Real result: On the first day, the smoke test detected 7 chain regressions. The executor fixed them automatically one after another.
The numbers
In 3 days of operation:
- ~80 issues created by the scanners
- ~50 issues closed by the executor
- ~60 automatic commits
- 0 lines of code written by me
- All 5 p1 security issues were closed the same day
- Core features implemented: student evaluations, progress UI, real FUNDAE exports, Zoom attendance sync
What I’ve learned
What works well:
- The scanner/executor separation is key. The one detecting problems must NOT be the one fixing them. It avoids bias.
- Deterministic tools (Semgrep, knip, madge, vitest coverage) complement the LLM very well. The LLM catches things the tools miss, and the tools have zero false negatives for their patterns.
- The throttle is essential. Without it, the scanners drown the executor with issues faster than it can process them.
- The smoke test as a safety net works: it caught 7 regressions that the executor introduced while making concurrent changes.
What to watch out for:
- Core features (new functionality with business logic) need human review. The agent can misimplement a requirement and you won’t know unless you check.
- P3 refactors pile up. The executor always prioritizes features and bugs, so “minor” tech debt grows. You need periodic purges or a dedicated day for p3 only.

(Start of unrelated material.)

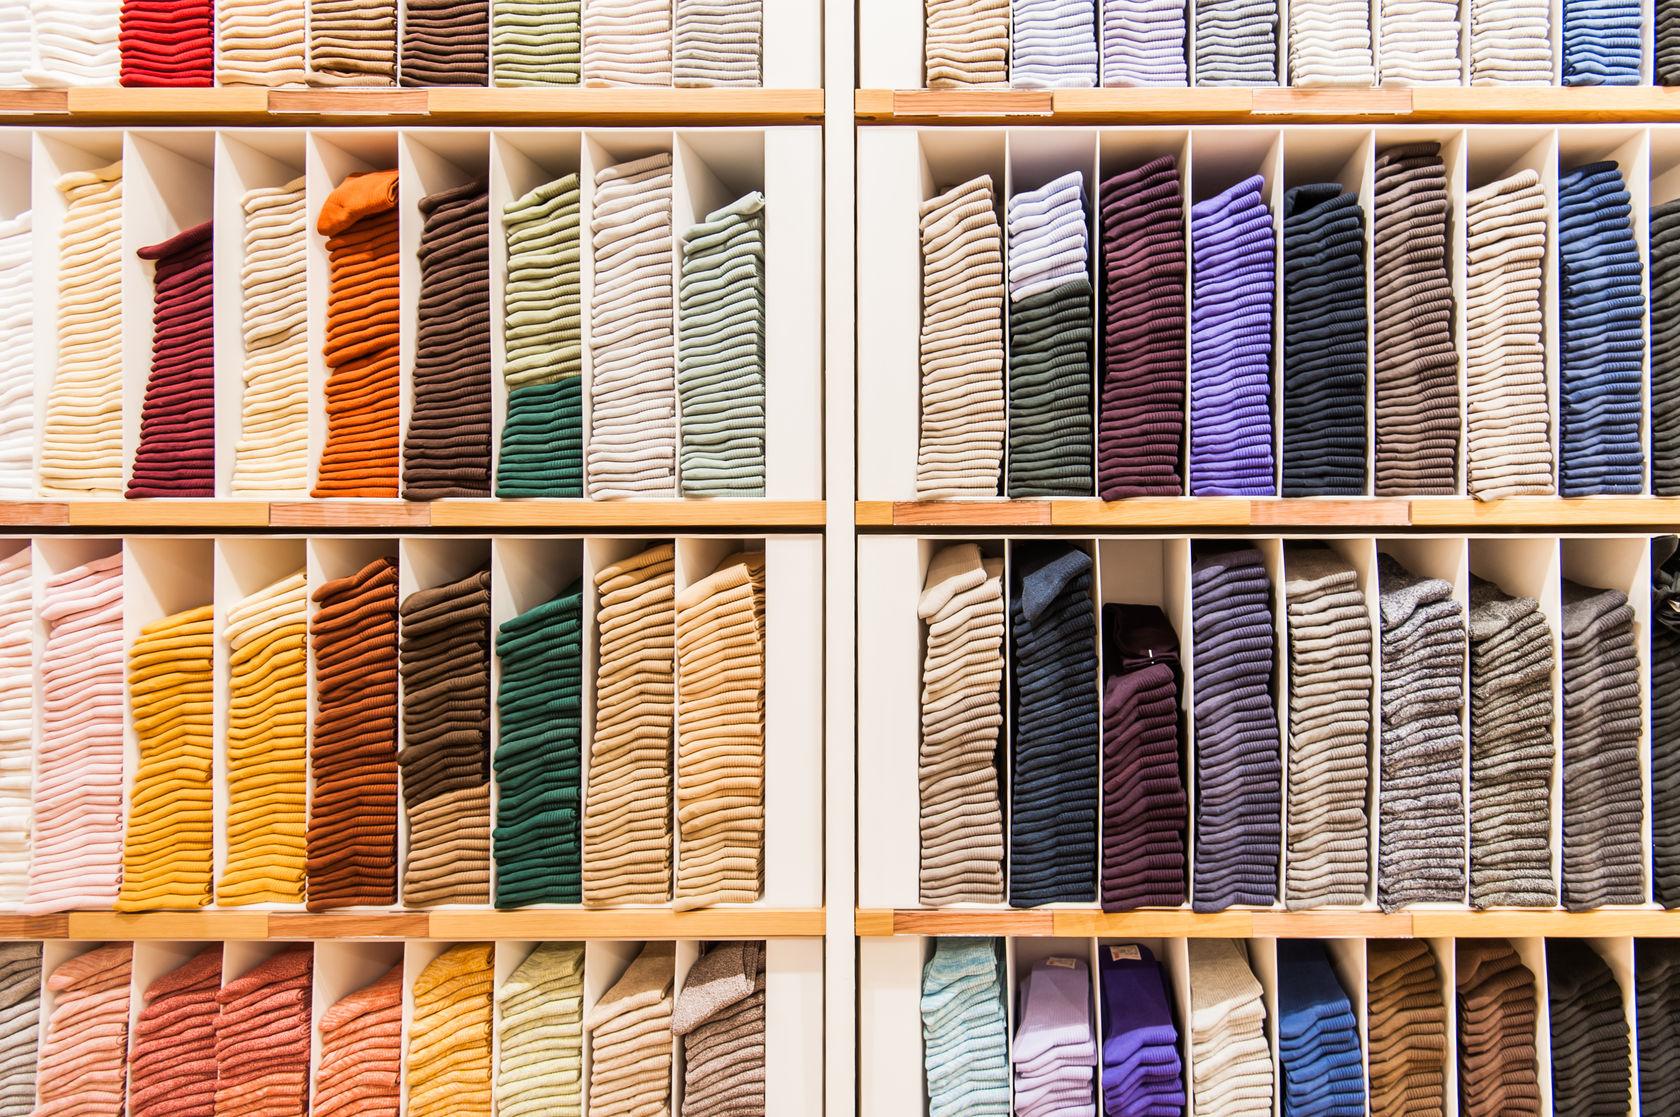 Huge selection of socks qualities

- The quality of generated tests is questionable. They cover code but sometimes the assertions are weak. Mutation testing (Stryker) would be the next step to verify that tests actually validate something.
Speed: it’s not magic, it’s your tokens
I’ve been running this for 5 days, and many of you ask how the tokens hold up. The reality is that with a $20 Codex account, you can’t sustain this pace.
In the end, you have to decide: speed vs. cost, and find a balance.
As of today, I’m managing with 2 x $20 ChatGPT (Codex) accounts, and I think they’ll still fall short. This considering that Codex App tokens are currently doubled.
So to take this seriously and maintain good speed, the $200 account seems pretty much necessary.
Is this the future?
Spotify just published that their best developers haven’t written code since December, thanks to tools like Claude Code and their internal system Honk. My experiment is much more modest, but points in the same direction: the developer’s role shifts from writing code to orchestrating agents.
I don’t think we’re ready to let this run unsupervised on critical projects. But for a side project or an early product stage, the speed is absurd. 3 days of autonomous work equals what would have taken me weeks to do manually.
If you want to replicate this, the prompts are exactly what I’ve shared here. If you try it, let me know how it goes.